Publicado por Redação em Saúde Empresarial - 19/08/2025

Gestação humanizada reduz afastamentos em 70%

Programa da MS Florestal humaniza a gestação, apoia mães no retorno ao trabalho e reduz afastamentos médicos em 70%, alinhado à Agenda 2030 da ONU.

No Brasil, conciliar maternidade e carreira ainda é um desafio. Dados do IBGE (Estatísticas de Gênero) revelam que apenas 54,6% das mulheres de 25 a 49 anos com filhos de 0 a 3 anos estão ocupadas, enquanto entre aquelas sem filhos na mesma faixa etária a taxa sobe para 67,2%. O acesso limitado às creches também é um fator crítico: apenas 38,7% das crianças de até 3 anos tinham vaga em 2023 (PNAD Contínua/IBGE).

Diante desse cenário, a MS Florestal implementou o Programa Pessoinhas, voltado à humanização da gestação no ambiente corporativo. A iniciativa já atingiu 98,71% de adesão, com 156 participantes em unidades da empresa em Água Clara, Bataguassu e Campo Grande, e apresenta resultados expressivos: queda de 70% nos afastamentos médicos de gestantes.

Acolhimento e cuidado integral às gestantes

O programa é liderado pela área de Saúde Ocupacional da companhia e reúne uma equipe multidisciplinar composta por nutricionista, psicóloga, fisioterapeuta pélvica, enfermeira obstetra, doula, consultora de amamentação e educadora física.

De acordo com Agnes Leria Bizon, doutora em saúde da criança e especialista do projeto, o diferencial está em oferecer orientação completa e humanizada:

“O Pessoinhas humaniza a experiência da gestação, fortalecendo as mulheres com informações de qualidade, para que assumam o protagonismo e tomem as melhores decisões para si e para seus bebês.”

O programa aborda desde hábitos saudáveis e preparo para o parto até acompanhamento em casos de diabetes gestacional ou pré-eclâmpsia, além de apoiar práticas de apego seguro e amamentação exclusiva.

Impactos para colaboradoras, parceiros e famílias

Os depoimentos das participantes reforçam os resultados. Lethícia Garcez, mãe de primeira viagem, conta que se sentiu acolhida desde o início:

“Meu esposo saiu mais confiante e a licença estendida fez toda a diferença. A empresa nos apoiou em cada etapa.”

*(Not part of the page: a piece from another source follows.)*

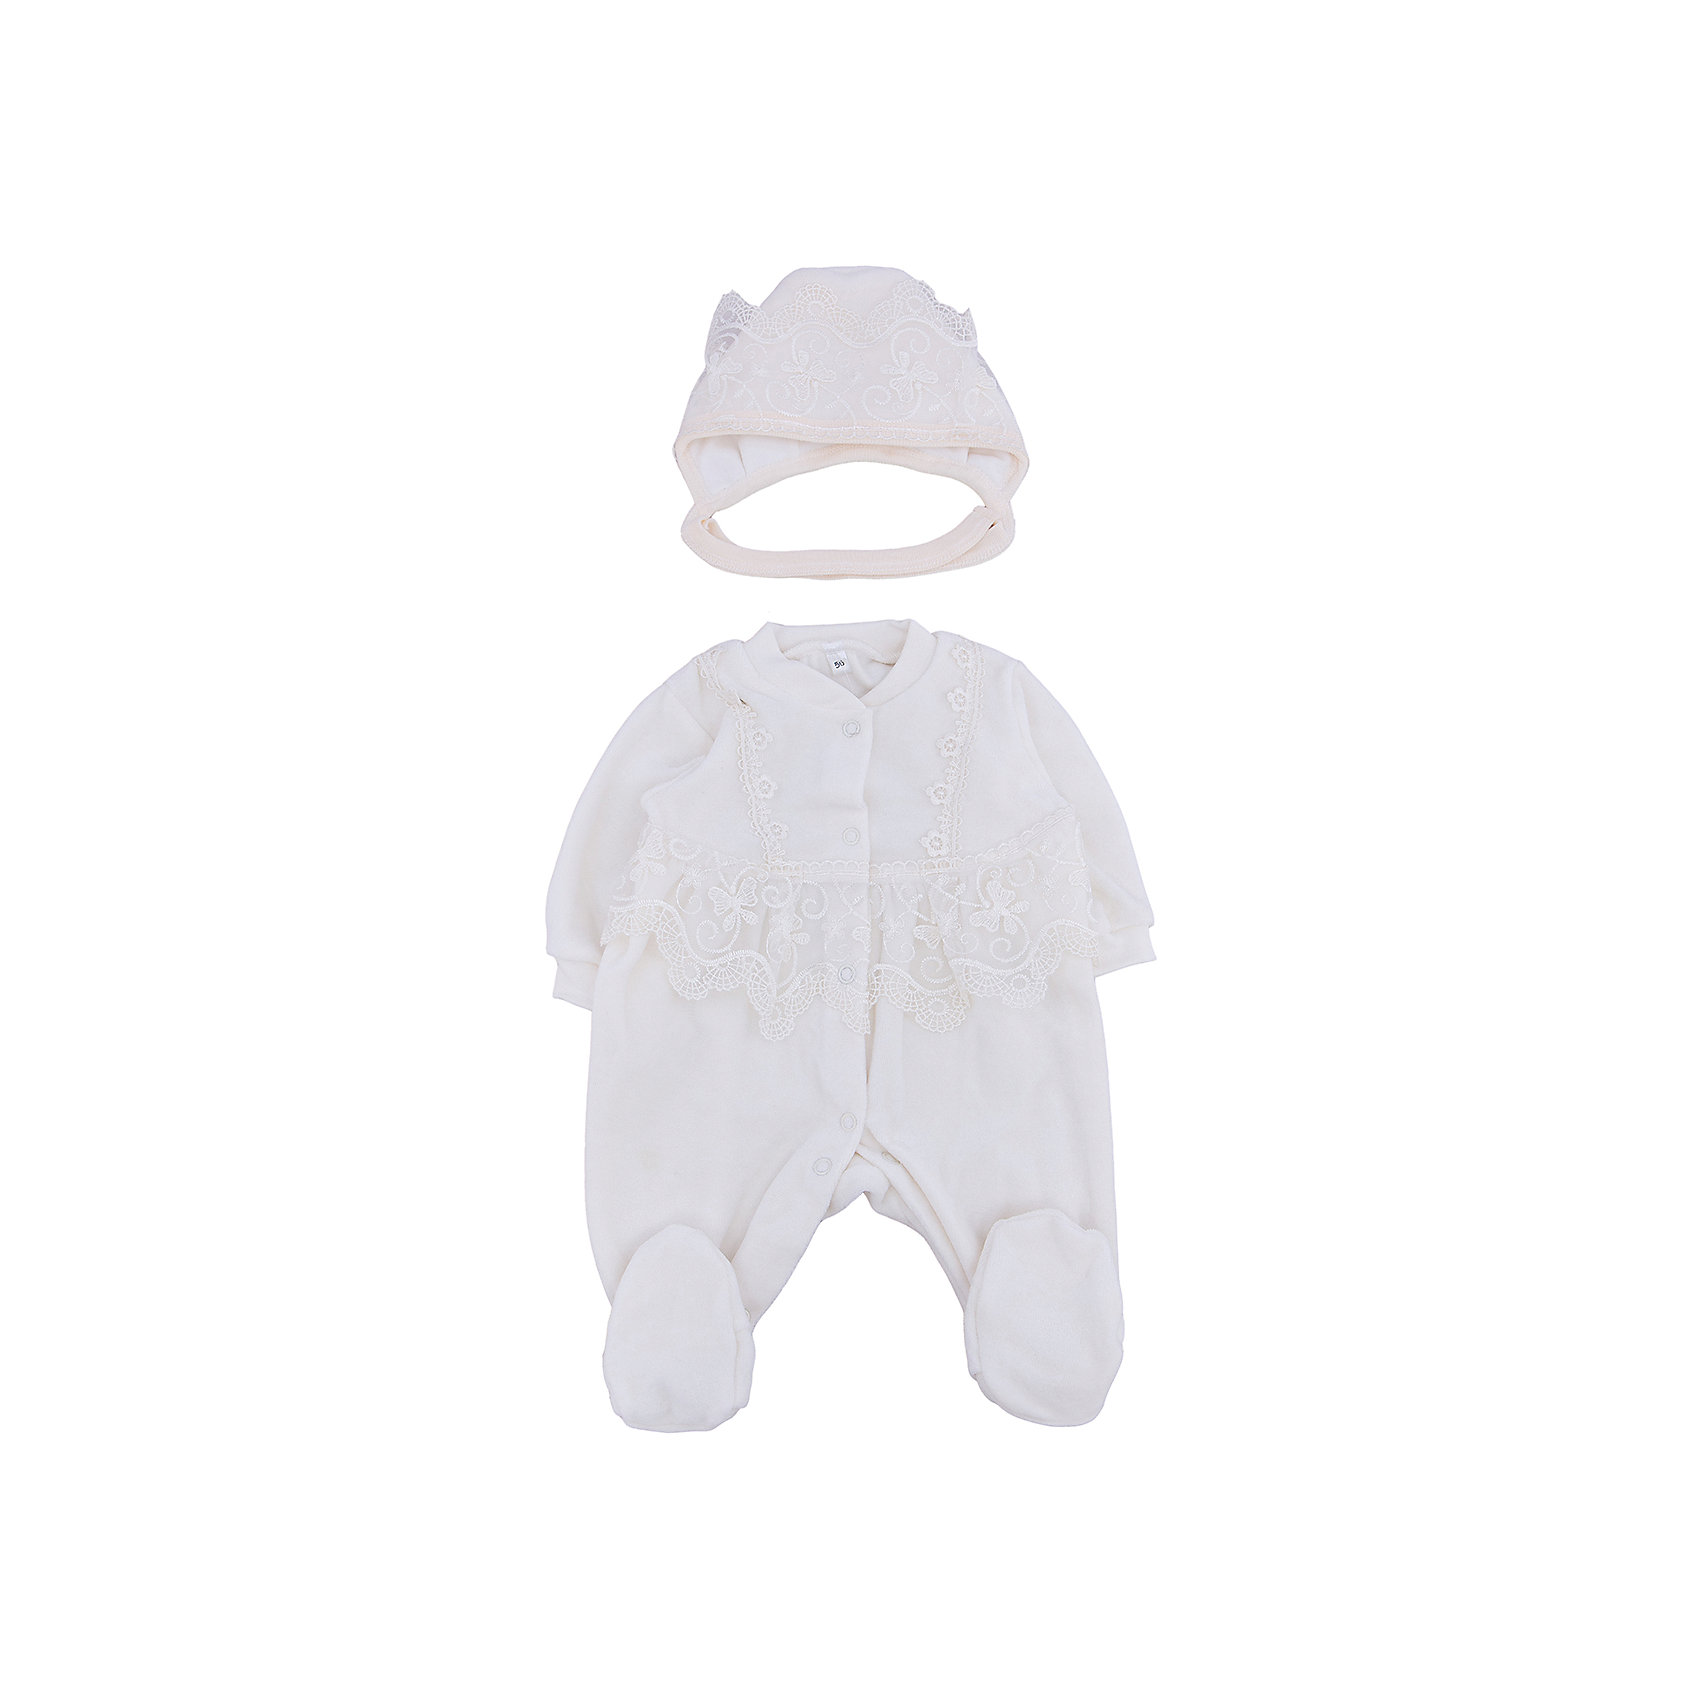 Комплект на выписку для девочки Soni KidsНаборы одежды, конверты на выписку<br>Комплект на выписку для девочки Soni Kids<br><br>В комплект входит:<br><br>-платьице<br>-повязка на голову <br><br>Характеристика:<br><br>-Материал: хлопок<br>-Застежки: кнопки<br>-Размер: 56<br>-Цвет: -Марка:  Soni kids(Сони кидс)<br><br>Комплект на выписку Soni kids выполнен из натуральных материалов, поэтому не вызовет раздражения на коже новорожденного ребёнка. Платьице и повязка декорированы кружевом и бантиками.<br> <br>Комплект на выписку для девочки Soni Kids можно приобрести в нашем интернет-магазине.<br><br>Ширина мм: 157<br>Глубина мм: 13<br>Высота мм: 119<br>Вес г: 200<br>Цвет: голубой<br>Возраст от месяцев: 0<br>Возраст до месяцев: 3<br>Пол: Женский<br>Возраст: Детский<br>Размер: 56<br>SKU: 5162697
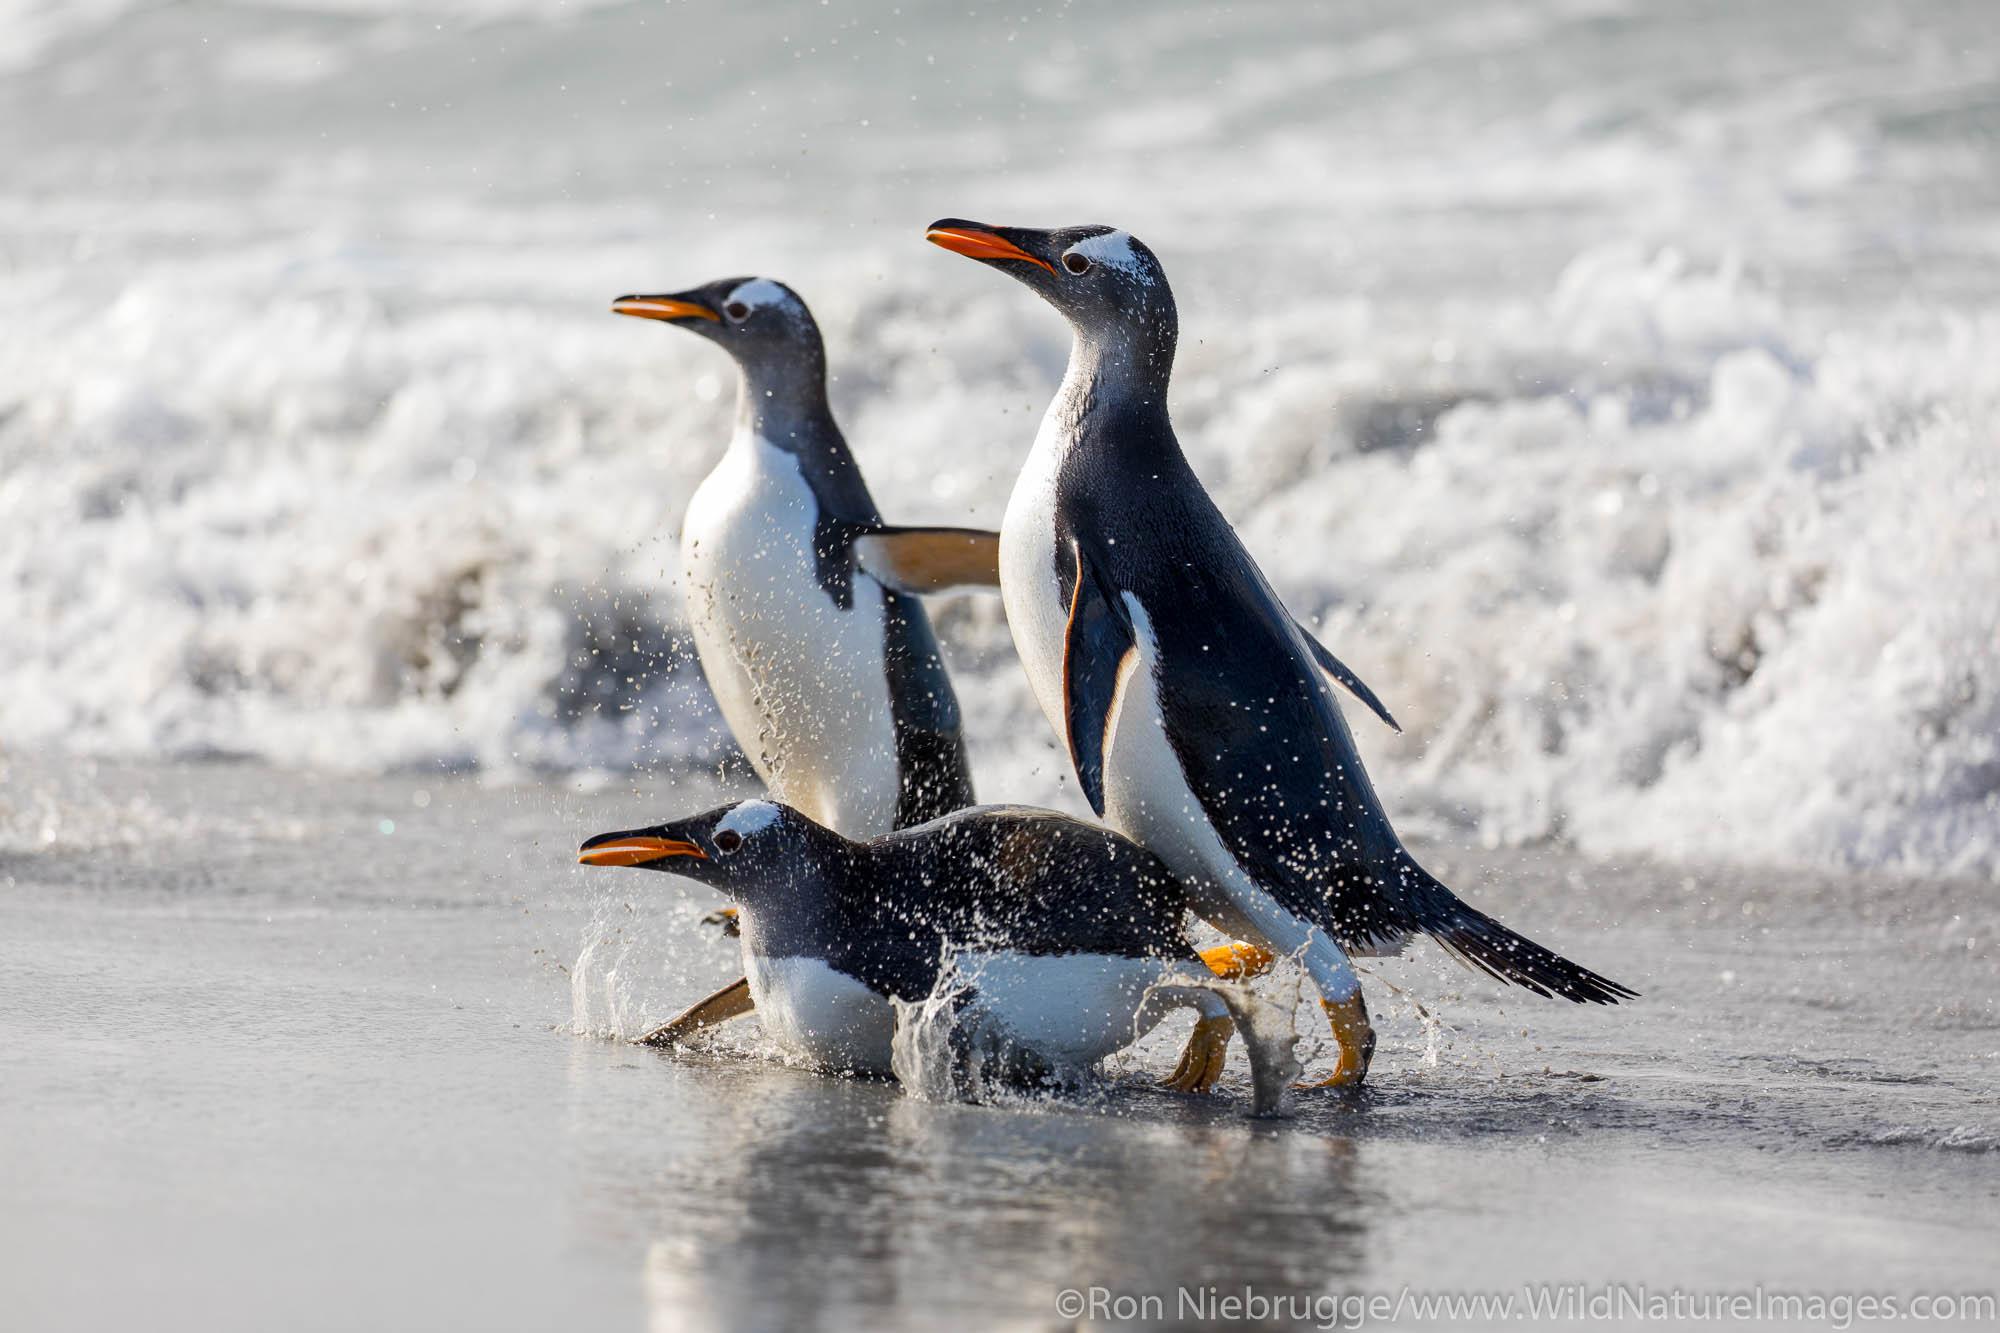 Falklands, Falkland islands, photos, photo

Já Lazara Arruda, coordenadora de Pesquisa e Desenvolvimento Florestal, destaca a troca de experiências e o suporte contínuo após o nascimento dos gêmeos Antônio e Gabriel:

“O programa me ajuda até hoje a esclarecer dúvidas e a manter o aleitamento materno exclusivo.”

Além das colaboradoras, os parceiros também são incentivados a participar das atividades, reforçando o compromisso com a corresponsabilidade parental.

Redução de afastamentos e contribuição para os ODS

A implementação do Programa Pessoinhas resultou em uma redução de 70% nos afastamentos médicos de gestantes, segundo dados internos da MS Florestal.

Para Sheila Marciotti, coordenadora de Saúde Ocupacional, a iniciativa é estratégica não só para as colaboradoras, mas para a sustentabilidade do negócio:

“O programa está alinhado às metas da Agenda 2030 da ONU, como saúde materno-infantil, igualdade de gênero e trabalho decente. Mais do que uma política corporativa, é um compromisso social.”

Ela reforça ainda que o lema do projeto traduz sua essência:
“Gestação saudável, bebê saudável, mulher confiante e realizada.”

RH e maternidade: um diferencial competitivo

Para o setor de Recursos Humanos, programas como o Pessoinhas mostram-se decisivos para:

  • Apoiar a permanência das mulheres no mercado de trabalho após a maternidade.

  • Reduzir afastamentos e custos relacionados à saúde ocupacional.

  • Reforçar o employer branding, posicionando a empresa como um local que valoriza diversidade, inclusão e bem-estar.

  • Engajar parceiros e famílias no processo, criando uma rede de suporte mais sólida.

Ao priorizar uma abordagem humanizada, a MS Florestal demonstra que investir em saúde e bem-estar das colaboradoras gera impacto positivo para os negócios e para a sociedade.